## DIRECTIONS
Only one portion of the data is to be written out: from the line bearing "Гибридная купольная внутренняя" through the line bearing "Gutt som snakker". Write it exactly as it appears.

+++ EXERCISE INPUT +++

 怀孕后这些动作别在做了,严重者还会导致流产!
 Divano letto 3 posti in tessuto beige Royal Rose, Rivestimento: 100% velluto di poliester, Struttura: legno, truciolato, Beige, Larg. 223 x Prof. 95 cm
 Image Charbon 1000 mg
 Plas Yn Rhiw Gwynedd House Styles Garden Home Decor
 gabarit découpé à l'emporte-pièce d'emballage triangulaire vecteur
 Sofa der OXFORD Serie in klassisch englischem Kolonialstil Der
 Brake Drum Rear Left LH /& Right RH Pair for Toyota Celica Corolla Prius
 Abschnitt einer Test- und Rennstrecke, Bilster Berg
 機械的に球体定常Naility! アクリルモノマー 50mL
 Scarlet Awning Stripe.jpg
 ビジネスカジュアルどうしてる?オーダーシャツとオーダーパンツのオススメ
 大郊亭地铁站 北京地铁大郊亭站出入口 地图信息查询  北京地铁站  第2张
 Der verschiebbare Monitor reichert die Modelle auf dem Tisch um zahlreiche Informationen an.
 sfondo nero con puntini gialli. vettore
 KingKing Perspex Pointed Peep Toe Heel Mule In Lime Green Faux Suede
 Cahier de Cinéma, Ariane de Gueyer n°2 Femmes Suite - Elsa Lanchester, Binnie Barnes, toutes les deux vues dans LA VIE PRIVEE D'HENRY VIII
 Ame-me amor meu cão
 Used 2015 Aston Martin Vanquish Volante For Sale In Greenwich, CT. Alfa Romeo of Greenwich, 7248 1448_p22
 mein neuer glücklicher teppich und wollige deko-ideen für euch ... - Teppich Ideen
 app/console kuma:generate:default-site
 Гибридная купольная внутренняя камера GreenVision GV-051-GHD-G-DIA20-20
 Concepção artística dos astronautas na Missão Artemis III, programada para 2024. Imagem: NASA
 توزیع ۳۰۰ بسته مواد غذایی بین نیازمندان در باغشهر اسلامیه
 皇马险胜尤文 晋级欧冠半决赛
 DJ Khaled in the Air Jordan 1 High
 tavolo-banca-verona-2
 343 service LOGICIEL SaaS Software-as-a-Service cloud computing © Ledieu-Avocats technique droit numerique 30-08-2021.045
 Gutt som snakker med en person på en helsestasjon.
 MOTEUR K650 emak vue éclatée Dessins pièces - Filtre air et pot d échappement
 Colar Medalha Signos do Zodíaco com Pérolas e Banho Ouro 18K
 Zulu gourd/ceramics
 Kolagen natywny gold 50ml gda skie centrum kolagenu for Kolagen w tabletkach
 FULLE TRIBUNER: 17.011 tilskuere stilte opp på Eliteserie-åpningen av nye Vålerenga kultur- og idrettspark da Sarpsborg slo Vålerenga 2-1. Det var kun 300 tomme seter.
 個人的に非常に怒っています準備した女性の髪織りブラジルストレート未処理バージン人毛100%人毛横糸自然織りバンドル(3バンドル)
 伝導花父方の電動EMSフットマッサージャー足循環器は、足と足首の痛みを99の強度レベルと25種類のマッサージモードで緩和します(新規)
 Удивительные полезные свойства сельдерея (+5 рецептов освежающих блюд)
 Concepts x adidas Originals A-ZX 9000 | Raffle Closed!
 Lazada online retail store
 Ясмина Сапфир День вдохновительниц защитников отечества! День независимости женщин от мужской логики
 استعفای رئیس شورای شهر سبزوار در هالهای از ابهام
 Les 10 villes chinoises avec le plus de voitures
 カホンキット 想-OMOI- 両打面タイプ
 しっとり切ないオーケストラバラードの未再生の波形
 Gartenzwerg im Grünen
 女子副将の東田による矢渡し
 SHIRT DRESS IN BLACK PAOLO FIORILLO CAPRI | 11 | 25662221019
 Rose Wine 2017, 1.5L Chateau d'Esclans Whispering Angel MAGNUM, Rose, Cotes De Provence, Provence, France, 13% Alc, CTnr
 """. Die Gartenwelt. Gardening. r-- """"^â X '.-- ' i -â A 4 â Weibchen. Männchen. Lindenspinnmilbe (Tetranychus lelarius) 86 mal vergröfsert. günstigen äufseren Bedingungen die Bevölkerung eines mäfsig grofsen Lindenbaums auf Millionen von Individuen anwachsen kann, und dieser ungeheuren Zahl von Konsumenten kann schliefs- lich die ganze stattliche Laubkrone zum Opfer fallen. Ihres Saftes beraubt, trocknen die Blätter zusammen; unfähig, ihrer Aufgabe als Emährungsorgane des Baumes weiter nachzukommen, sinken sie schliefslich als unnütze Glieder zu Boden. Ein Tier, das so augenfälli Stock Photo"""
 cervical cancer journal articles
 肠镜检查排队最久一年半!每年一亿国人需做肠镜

+++

## EXERCISE RESULT
 Гибридная купольная внутренняя камера GreenVision GV-051-GHD-G-DIA20-20
 Concepção artística dos astronautas na Missão Artemis III, programada para 2024. Imagem: NASA
 توزیع ۳۰۰ بسته مواد غذایی بین نیازمندان در باغشهر اسلامیه
 皇马险胜尤文 晋级欧冠半决赛
 DJ Khaled in the Air Jordan 1 High
 tavolo-banca-verona-2
 343 service LOGICIEL SaaS Software-as-a-Service cloud computing © Ledieu-Avocats technique droit numerique 30-08-2021.045
 Gutt som snakker med en person på en helsestasjon.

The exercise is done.